文本识别模型支持灰度图训练么？或者需要修改哪些地方？

PaddlePaddle / PaddleOCR

Awesome multilingual OCR toolkits based on PaddlePaddle (practical ultra lightweight OCR system, support 80+ languages recognition, provide data annotation and synthesis tools, support training and deployment among server, mobile, embedded and IoT devices)

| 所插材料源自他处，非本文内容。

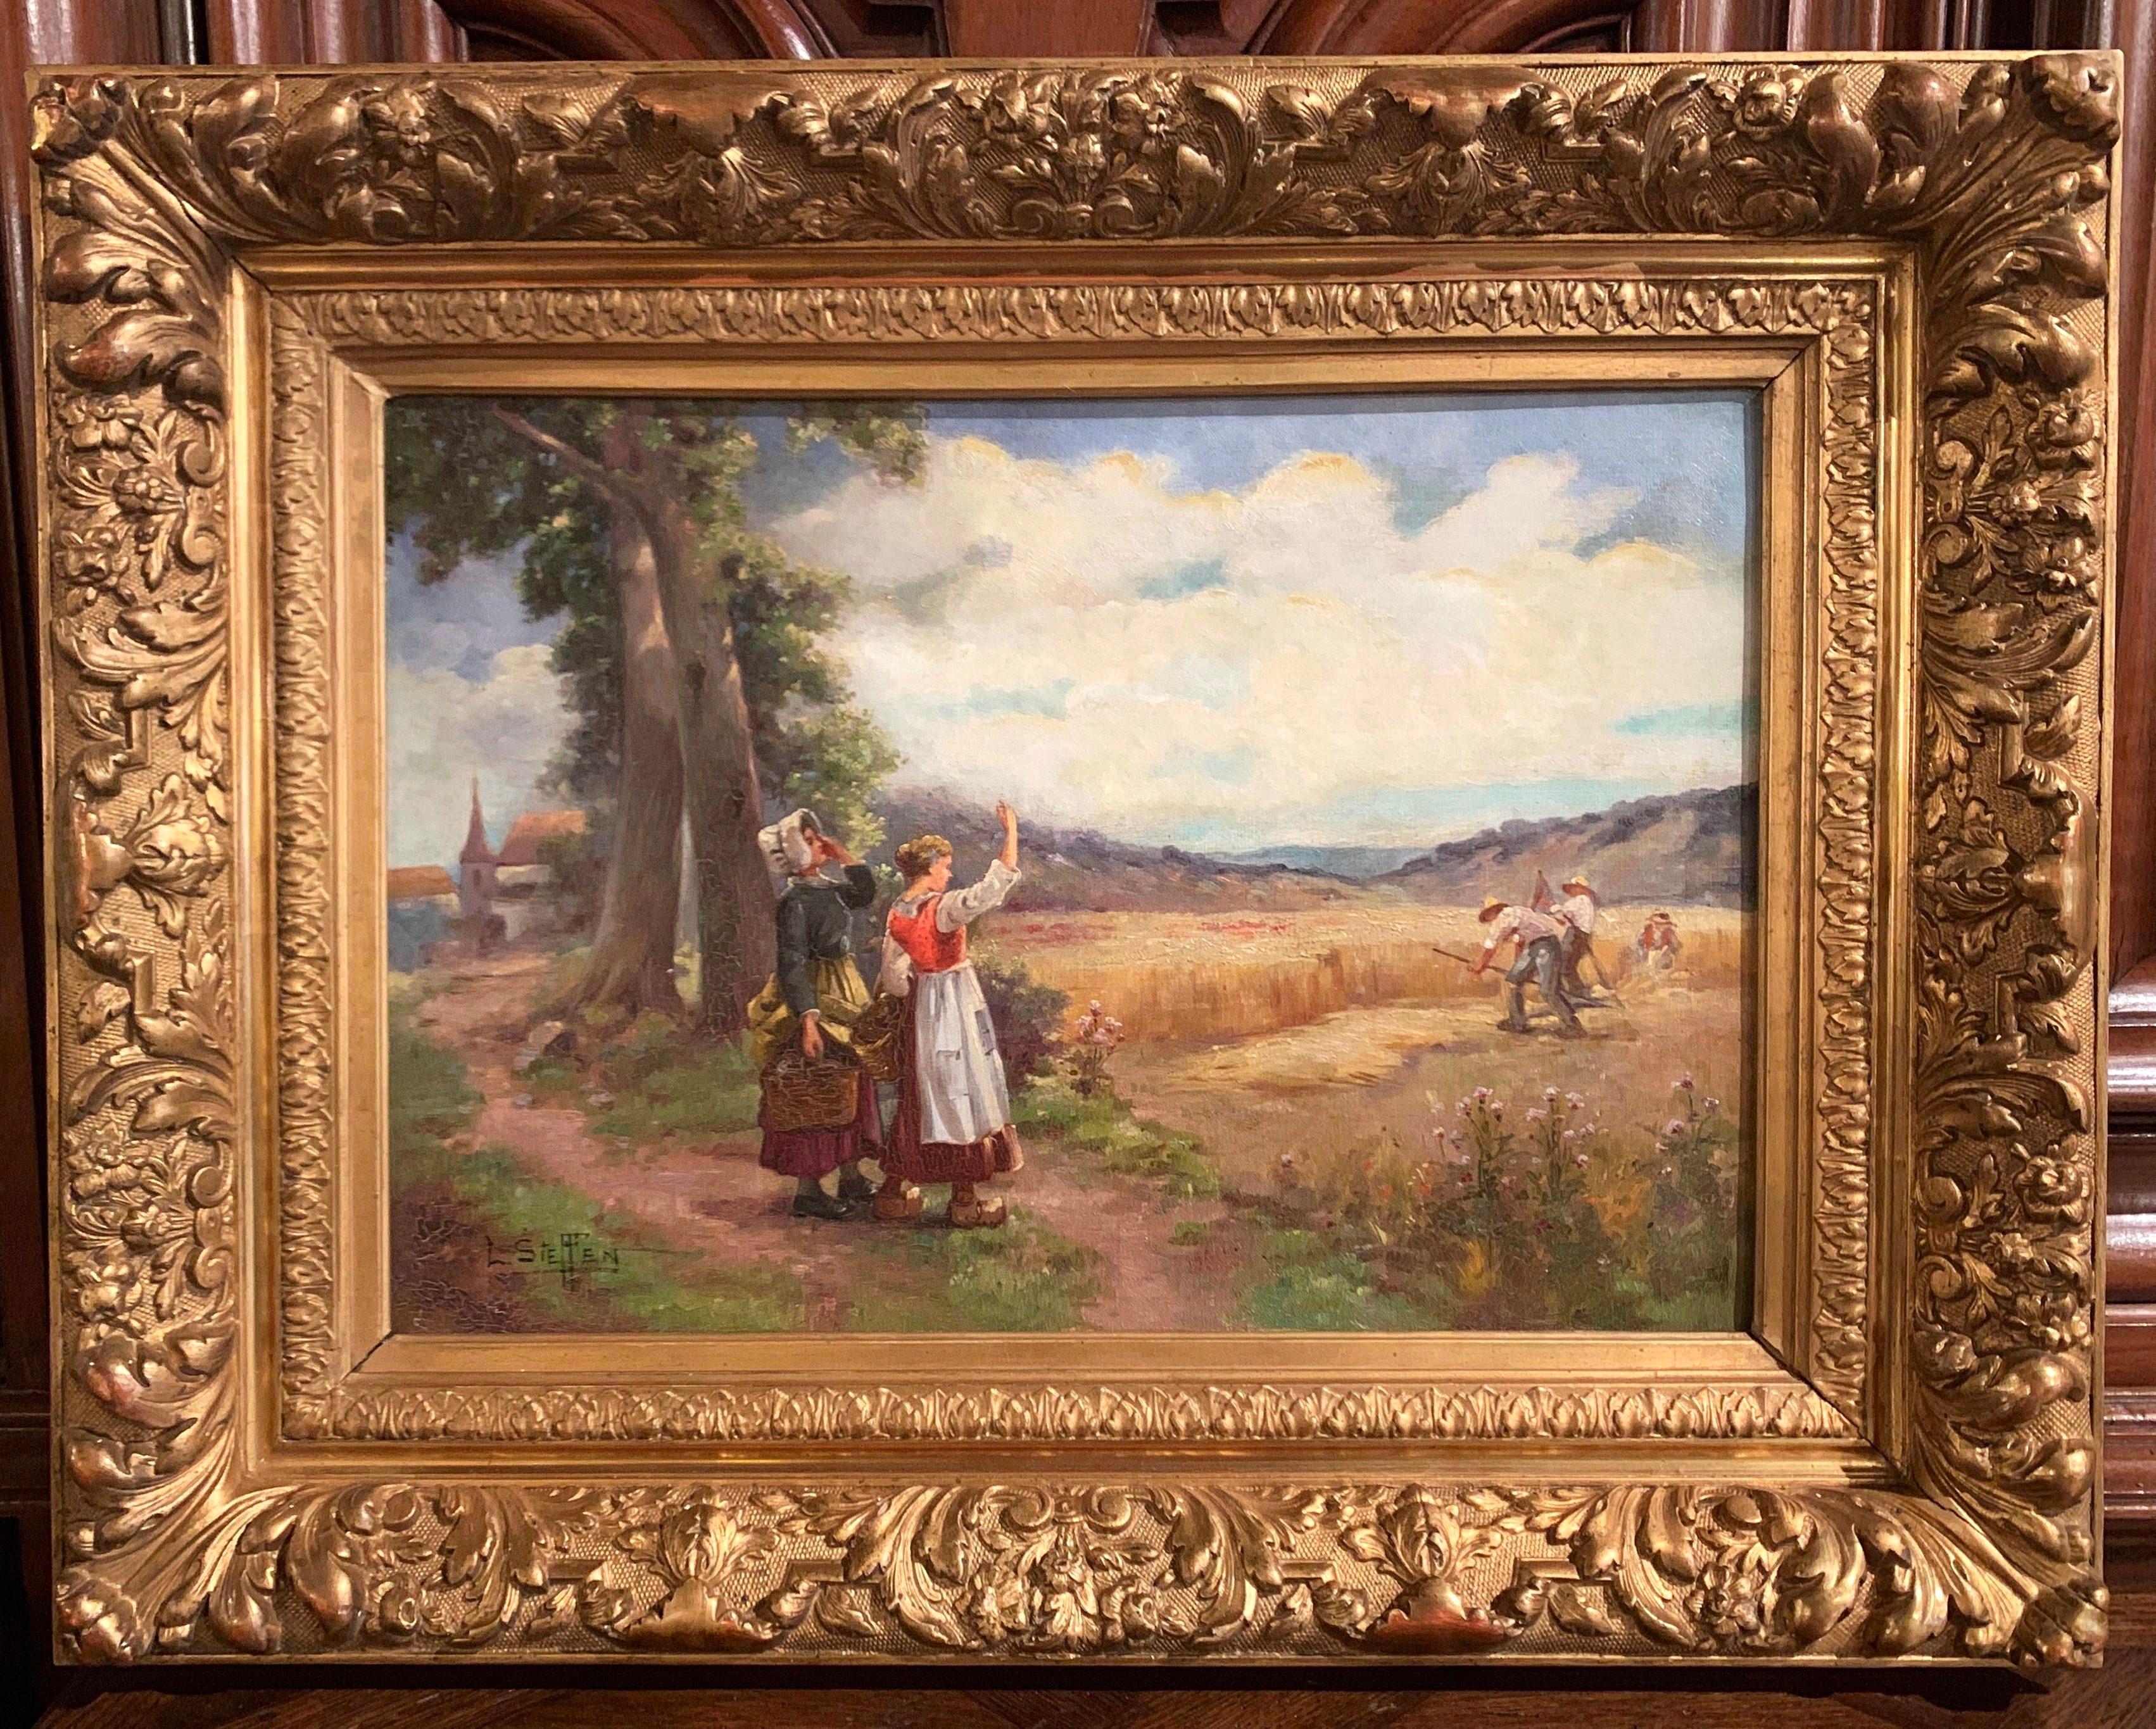 Created in France circa 1880 and set in the original carved giltwood frames, these two colorful paintings depict a pastoral scene with landscape, people and farm animals. One canvas signed Madrazi in the lower right corner, depicts a farmer with his
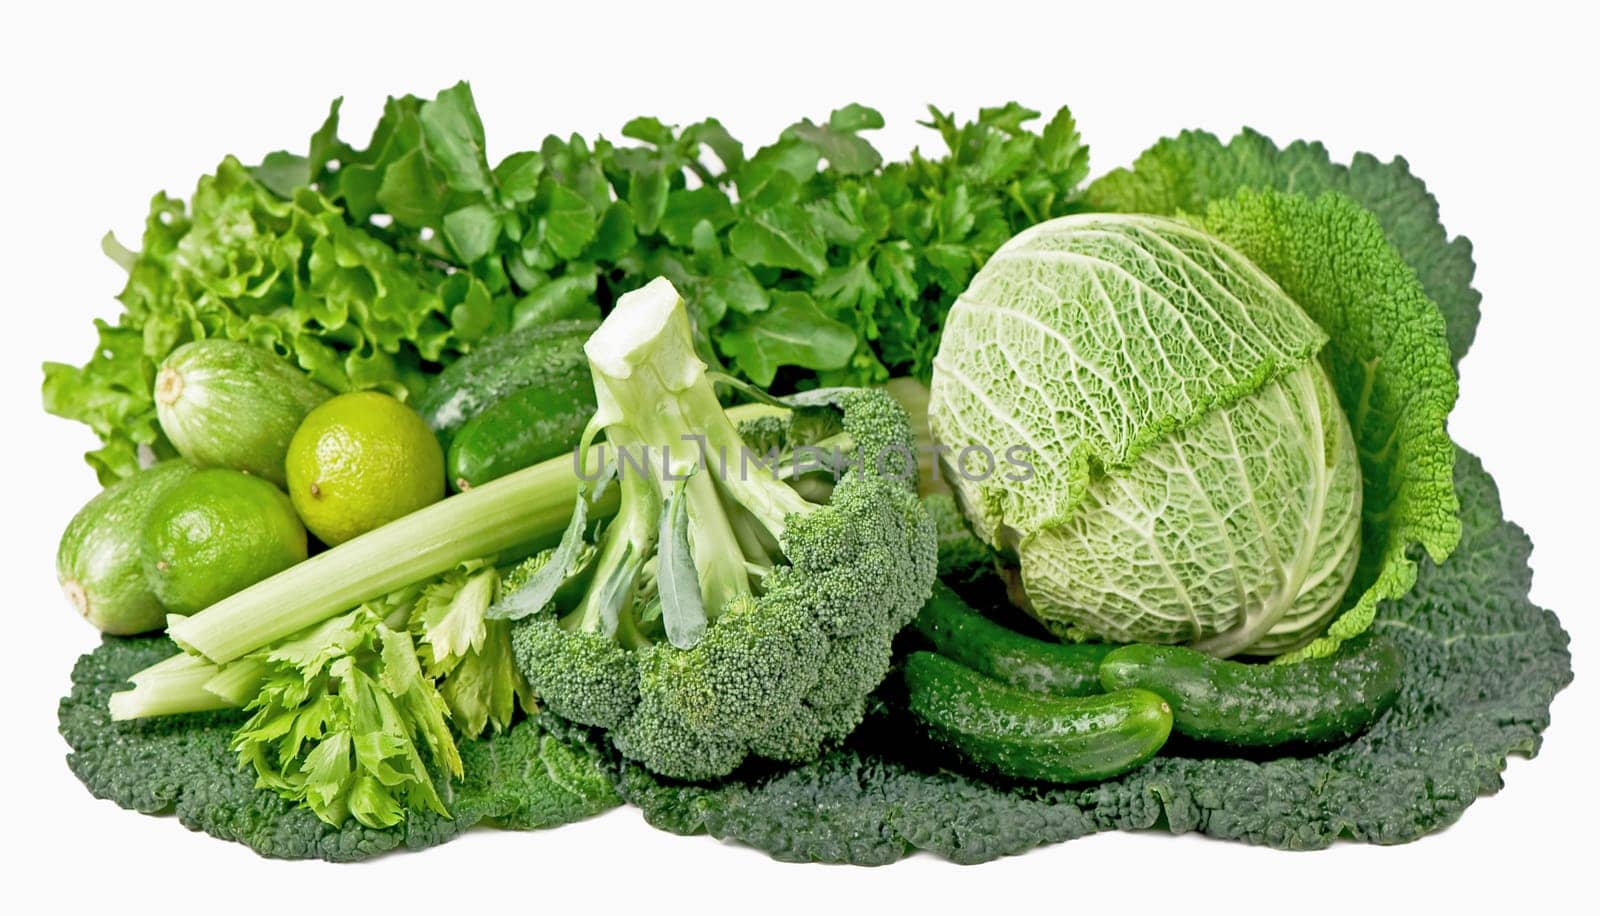 Top view healthy food clean eating vegetables, seeds, superfoods, leafy vegetables. Healthy Green Organic Raw Broccoli Flowers Ready for Cooking. Composition with fresh vegetables of broccoli on a white background.

https://paddlepaddle.github.io/PaddleOCR/

Apache License 2.0

43.9k stars 7.8k forks source link

文本识别模型支持灰度图训练么？或者需要修改哪些地方？ #5147

Closed UBUNTUHWB closed 2 years ago

UBUNTUHWB commented 2 years ago

, error happened with msg: OpenCV(4.4.0) /tmp/pip-req-build-zeowd5_m/opencv/modules/imgproc/src/color.simd_helpers.hpp:92: error: (-2:Unspecified error) in function 'cv::impl::{anonymous}::CvtHelper<VScn, VDcn, VDepth, sizePolicy>::CvtHelper(cv::InputArray, cv::OutputArray, int) [with VScn = cv::impl::{anonymous}::Set<3, 4>; VDcn = cv::impl::{anonymous}::Set<3>; VDepth = cv::impl::{anonymous}::Set<0, 5>; cv::impl::{anonymous}::SizePolicy sizePolicy = cv::impl::::NONE; cv::InputArray = const cv::_InputArray&; cv::OutputArray = const cv::_OutputArray&]'

Invalid number of channels in input image: 'VScn::contains(scn)' where 'scn' is 1

Fatal Python error: Cannot recover from stack overflow. Python runtime state: initialized

andyjiang1116 commented 2 years ago

需要修改对应的config文件中的image_shape为 [1, h, w]，同时要修改使用的backbone的输入channels为1

UBUNTUHWB commented 2 years ago

我修改了yml文件： transforms:

DecodeImage: # load image img_mode: BGR channel_first: False
RecAug: aug_prob: 0.4
CTCLabelEncode: # Class handling label
RecResizeImg: image_shape: [1, 32, 320]

base_model.py文件 super(BaseModel, self).init() in_channels = config.get('in_channels', 1) model_type = config['model_type']

还是出现错误 , error happened with msg: could not broadcast input array from shape (32,256,3) into shape (1,32,256) [2021/12/31 09:58:07] root ERROR: When parsing line

andyjiang1116 commented 2 years ago

in_channels是在对应的backbone文件里面改的，不是在base_model里面改的

andyjiang1116 commented 2 years ago

比如说这里https://github.com/PaddlePaddle/PaddleOCR/blob/release/2.4/ppocr/modeling/backbones/rec_mobilenet_v3.py#L24 或者在对应配置文件后面加一个参数，比如说： https://github.com/PaddlePaddle/PaddleOCR/blob/release/2.4/configs/rec/rec_mv3_none_bilstm_ctc.yml#L38 这一行后面加一个参数，in_channels: 1

UBUNTUHWB commented 2 years ago

Architecture: model_type: rec algorithm: CRNN Transform: Backbone: name: ResNet in_channels: 1 layers: 34 为什么我在yml文件改了in_channels：1，调试也发现配置文件读到了，但是运行结果还是in_channels：3

还有就是rec_img_aug.py，文件中img和img_shape通道数不同导致padding_im[:, :, 0:resized_w] = resized_image这一行程序产生异常

andyjiang1116 commented 2 years ago

你的数据不是灰度图格式吗？img应该通道是1，如果img是3，说明你的图片还是彩色图

UBUNTUHWB commented 2 years ago

是灰度图啊，但是经过DecodeImage类这个操作之后，图像变成3通道了

andyjiang1116 commented 2 years ago

可以参考NRTR这个模型的写法， https://github.com/PaddlePaddle/PaddleOCR/blob/release/2.4/ppocr/data/imaug/rec_img_aug.py#L46 这个是灰度图训练的模型，对应的配置文件是 https://github.com/PaddlePaddle/PaddleOCR/blob/release/2.4/configs/rec/rec_mtb_nrtr.yml

paddle-bot-old[bot] commented 2 years ago

Since you haven\'t replied for more than 3 months, we have closed this issue/pr. If the problem is not solved or there is a follow-up one, please reopen it at any time and we will continue to follow up. It is recommended to pull and try the latest code first. 由于您超过三个月未回复，我们将关闭这个issue/pr。若问题未解决或有后续问题，请随时重新打开（建议先拉取最新代码进行尝试），我们会继续跟进。